> _Work instructions_
Go to the line that contains "uxcell Uxcell 12M" in the listing below, then output it and every line after it exactly, omitting pictures.

Segment Start: The data

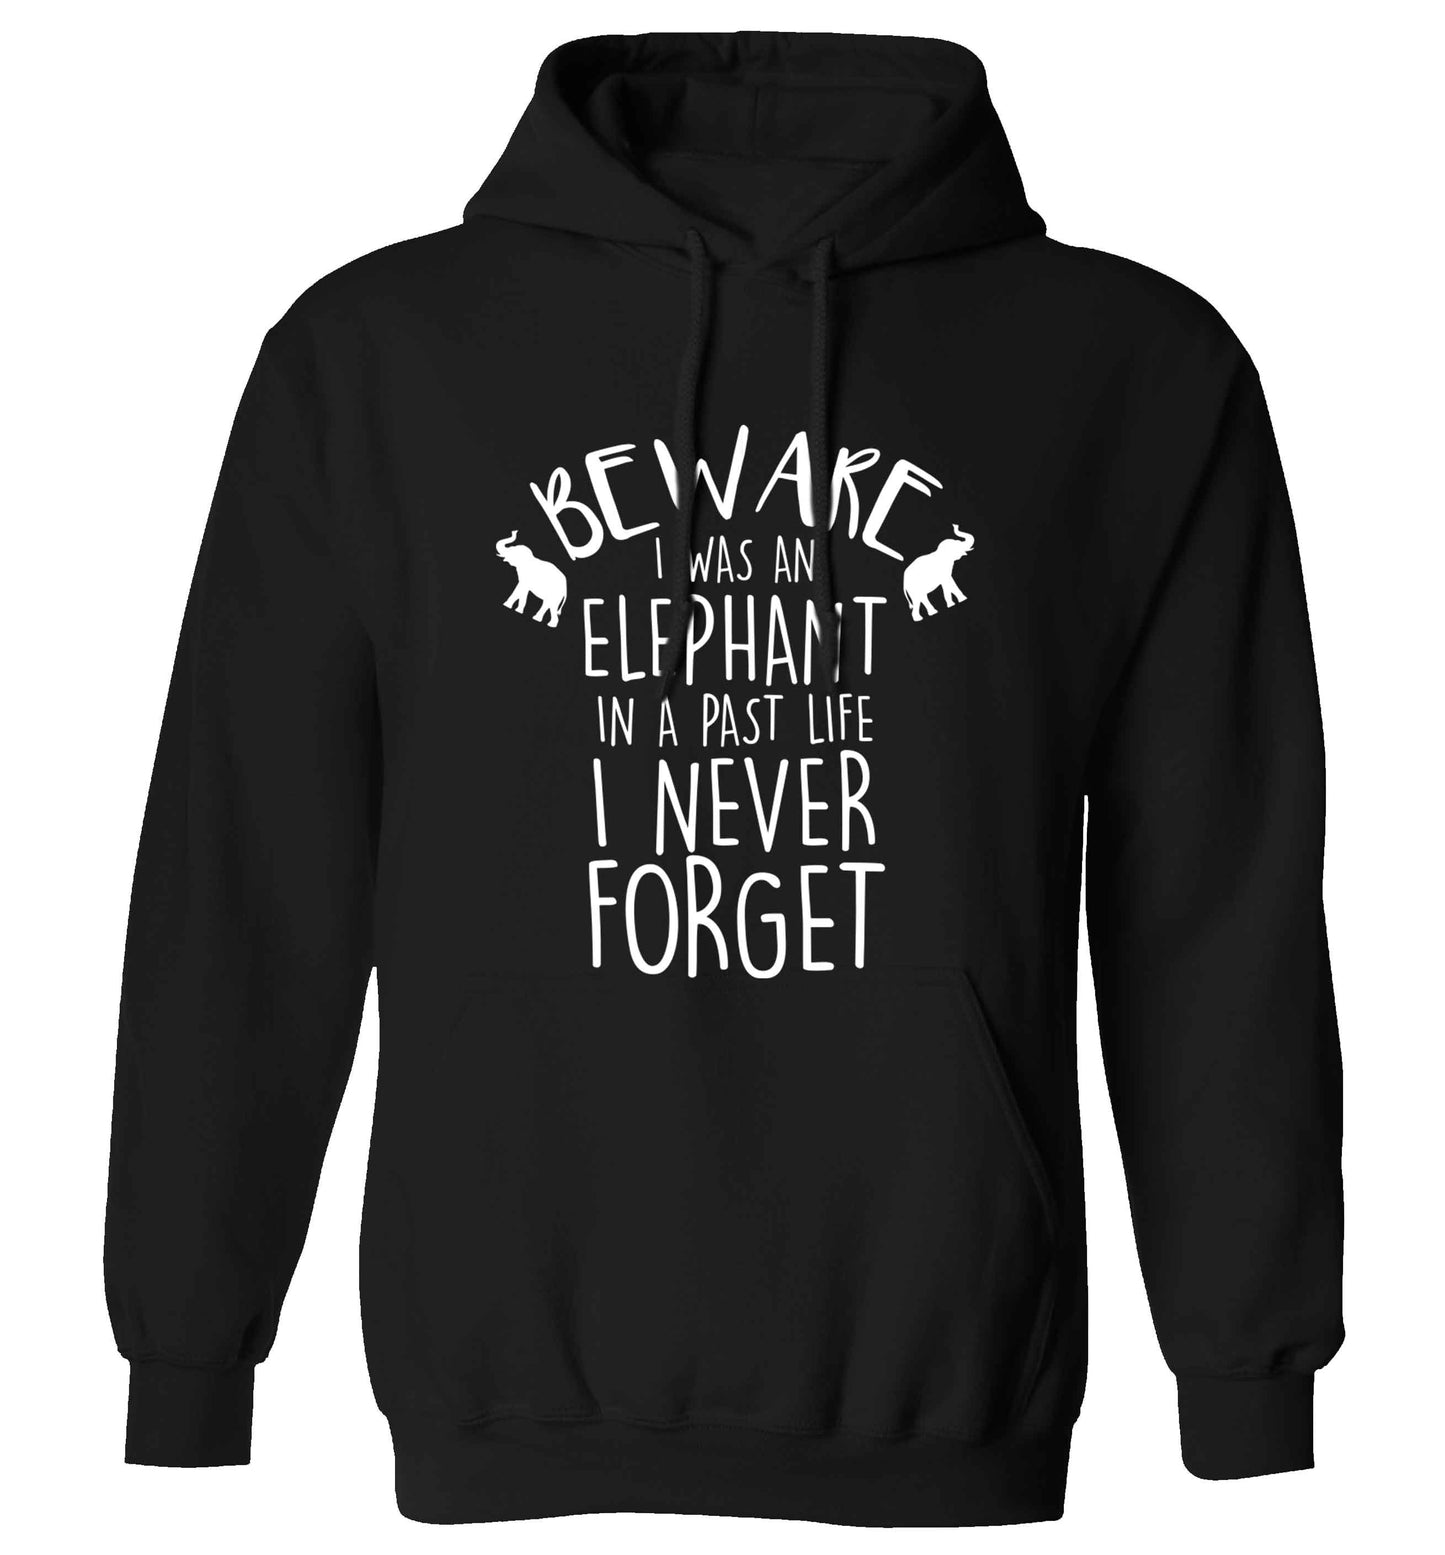 Beware I was an elephant in my past life I never forget adults unisex black hoodie 2XL
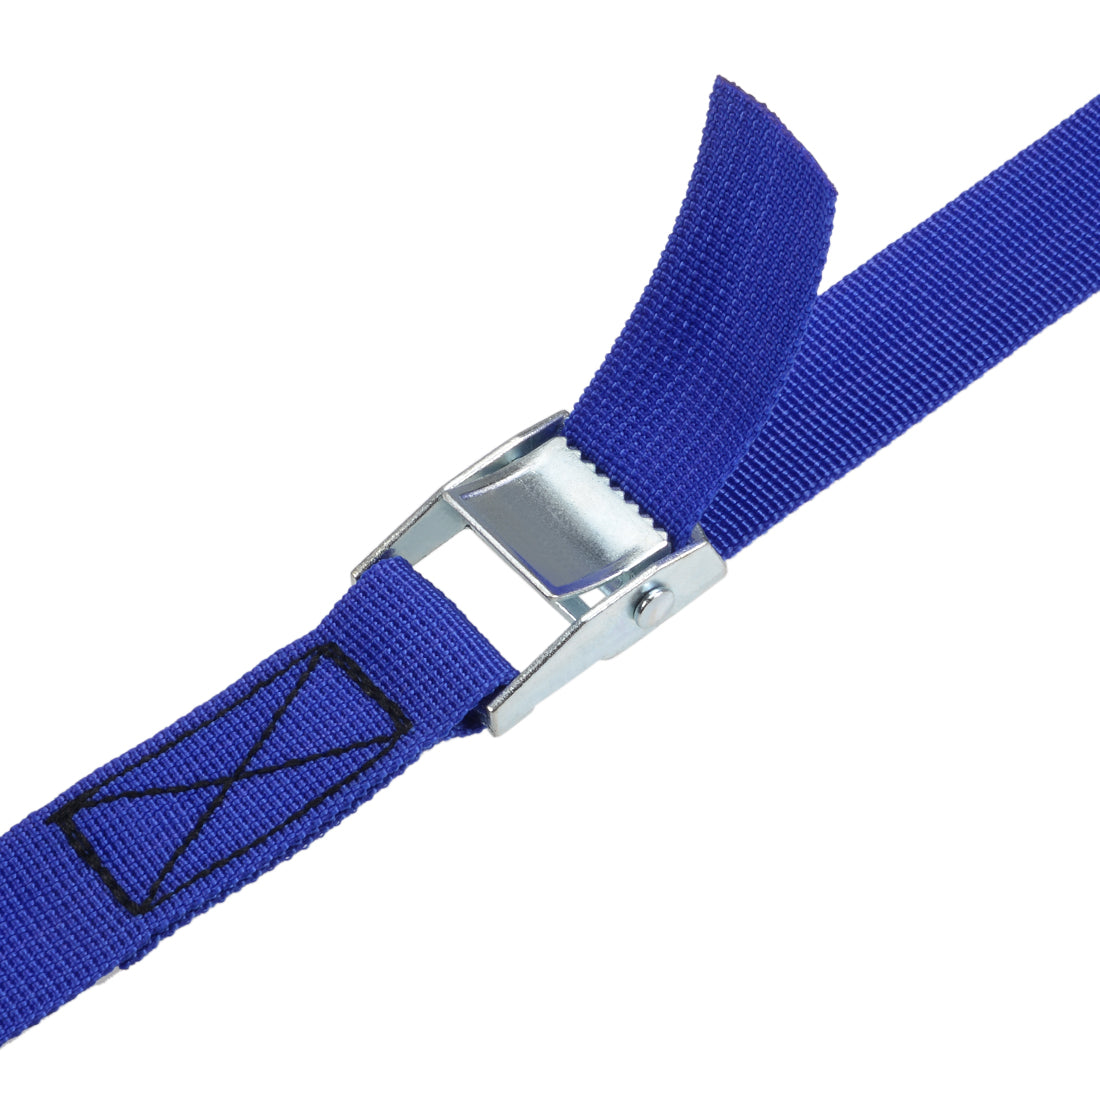 uxcell Uxcell 12M x 25mm Lashing Strap Cargo Tie Down Straps w Cam Lock Buckle 250Kg Work Load, Blue, 2Pcs
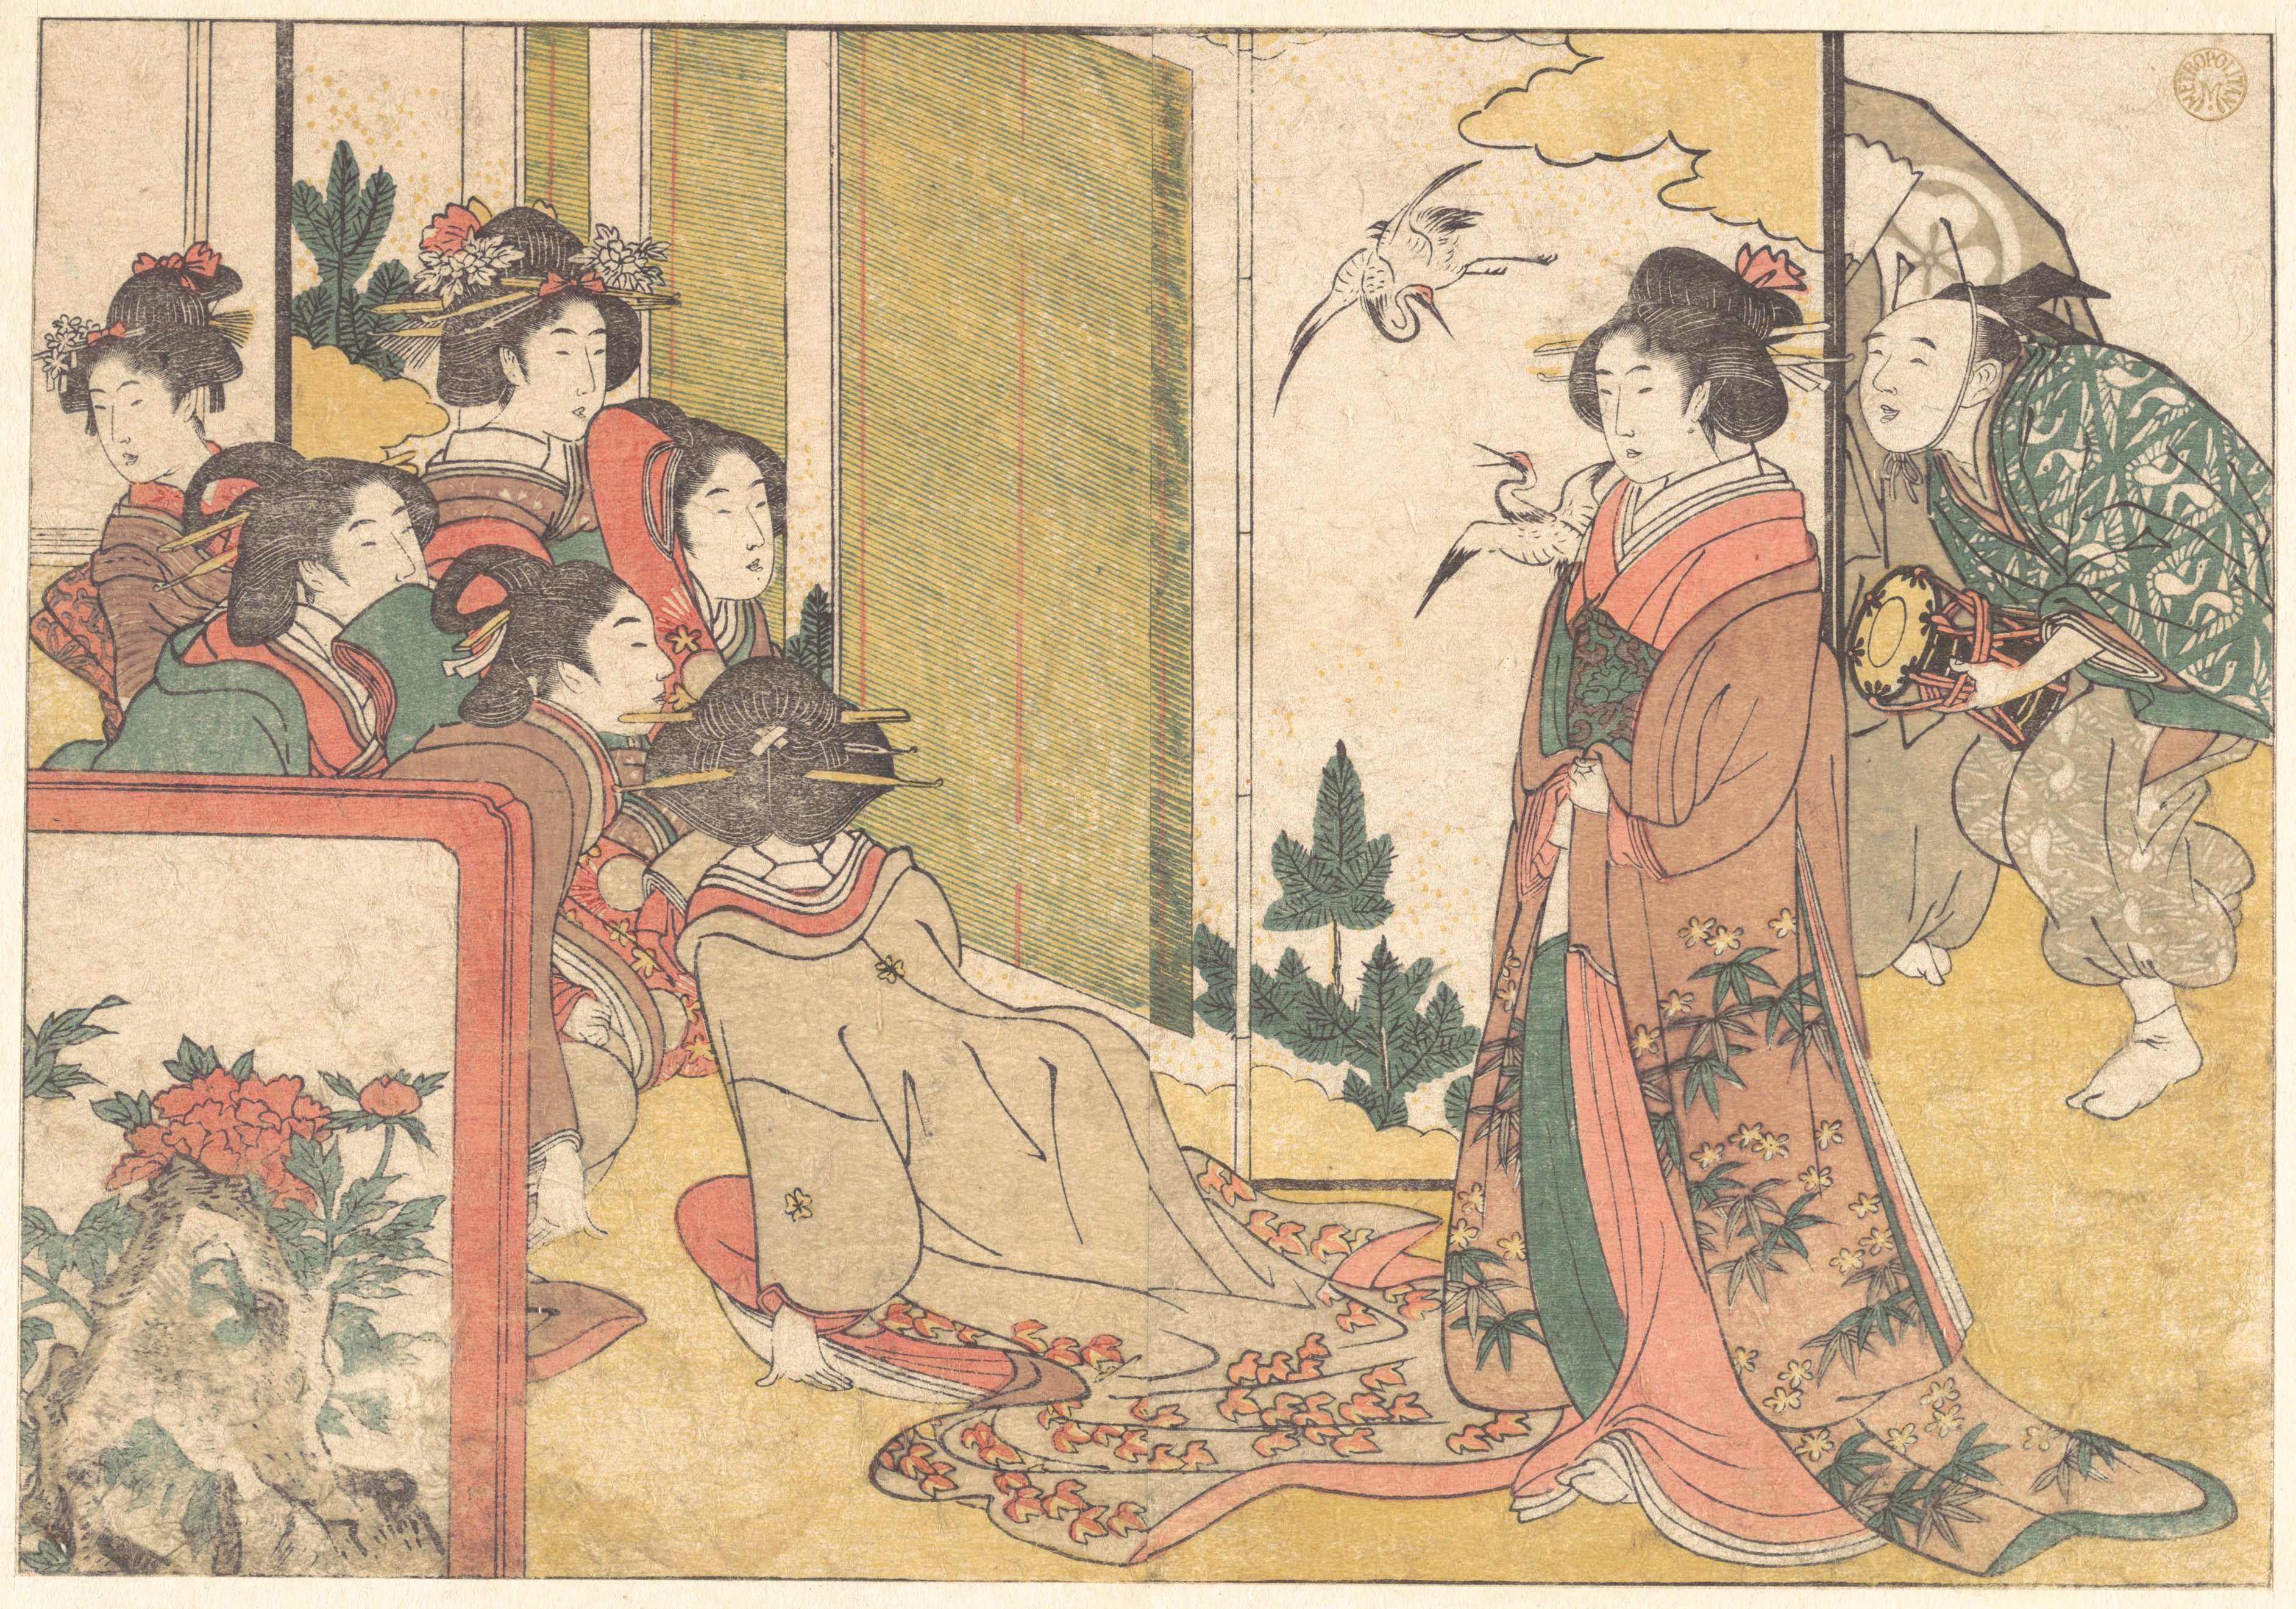 Girls Entertained by Performers, from the illustrated book Flowers of the F...
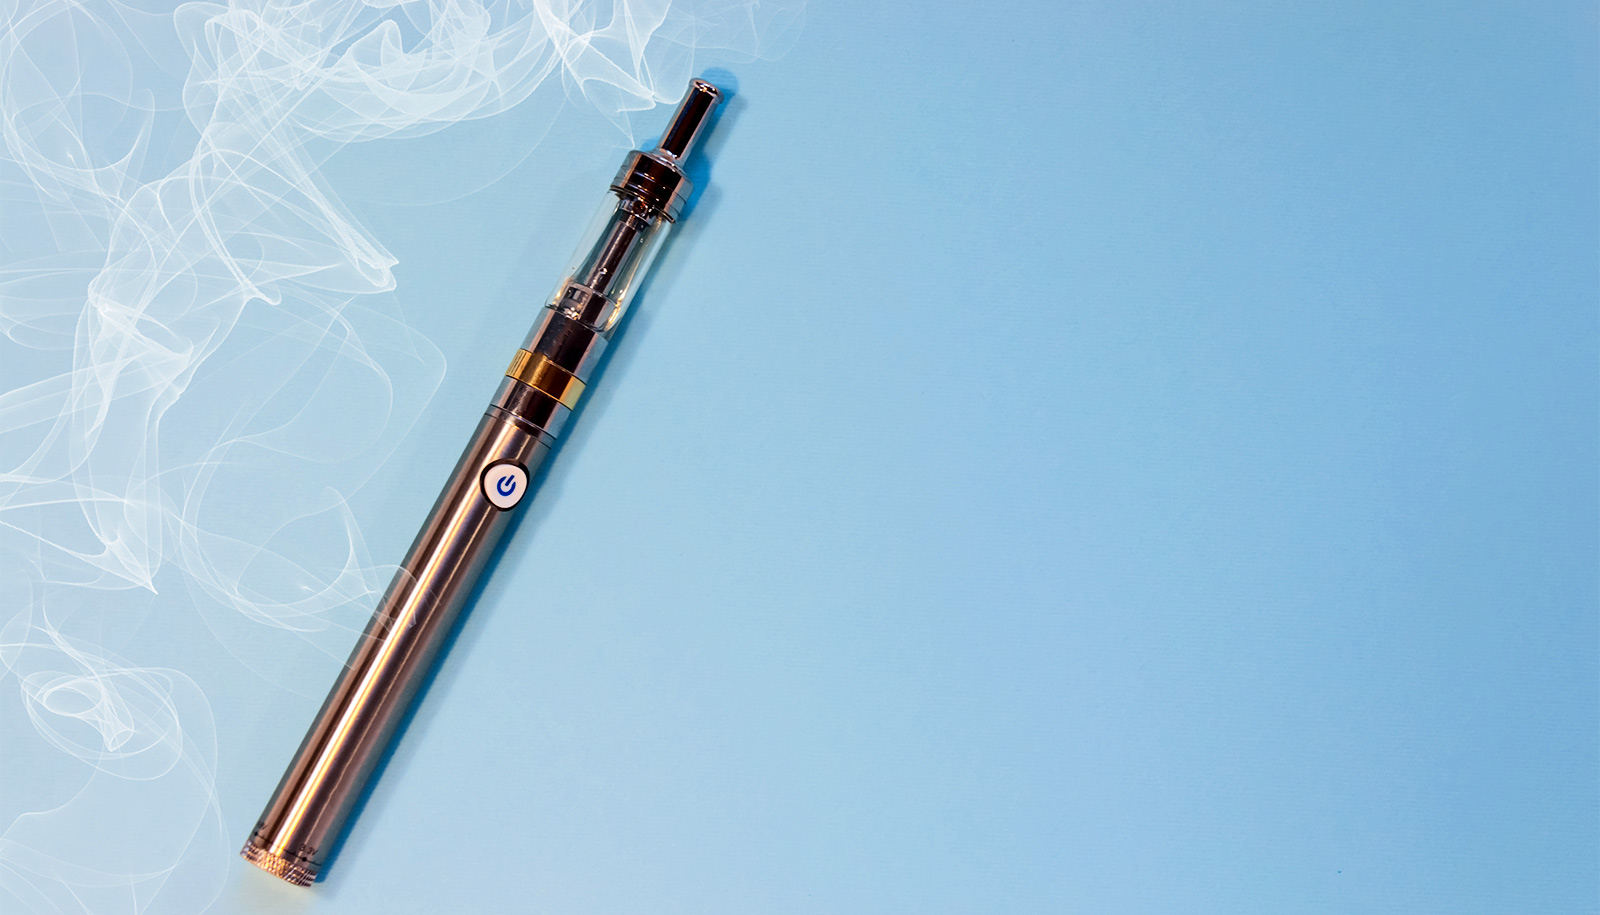 Vaping can effectively help adults stop smoking

Segment End: The data

> _Solution below_
 uxcell Uxcell 12M x 25mm Lashing Strap Cargo Tie Down Straps w Cam Lock Buckle 250Kg Work Load, Blue, 2Pcs
 Girls Entertained by Performers, from the illustrated book Flowers of the F...
 Vaping can effectively help adults stop smoking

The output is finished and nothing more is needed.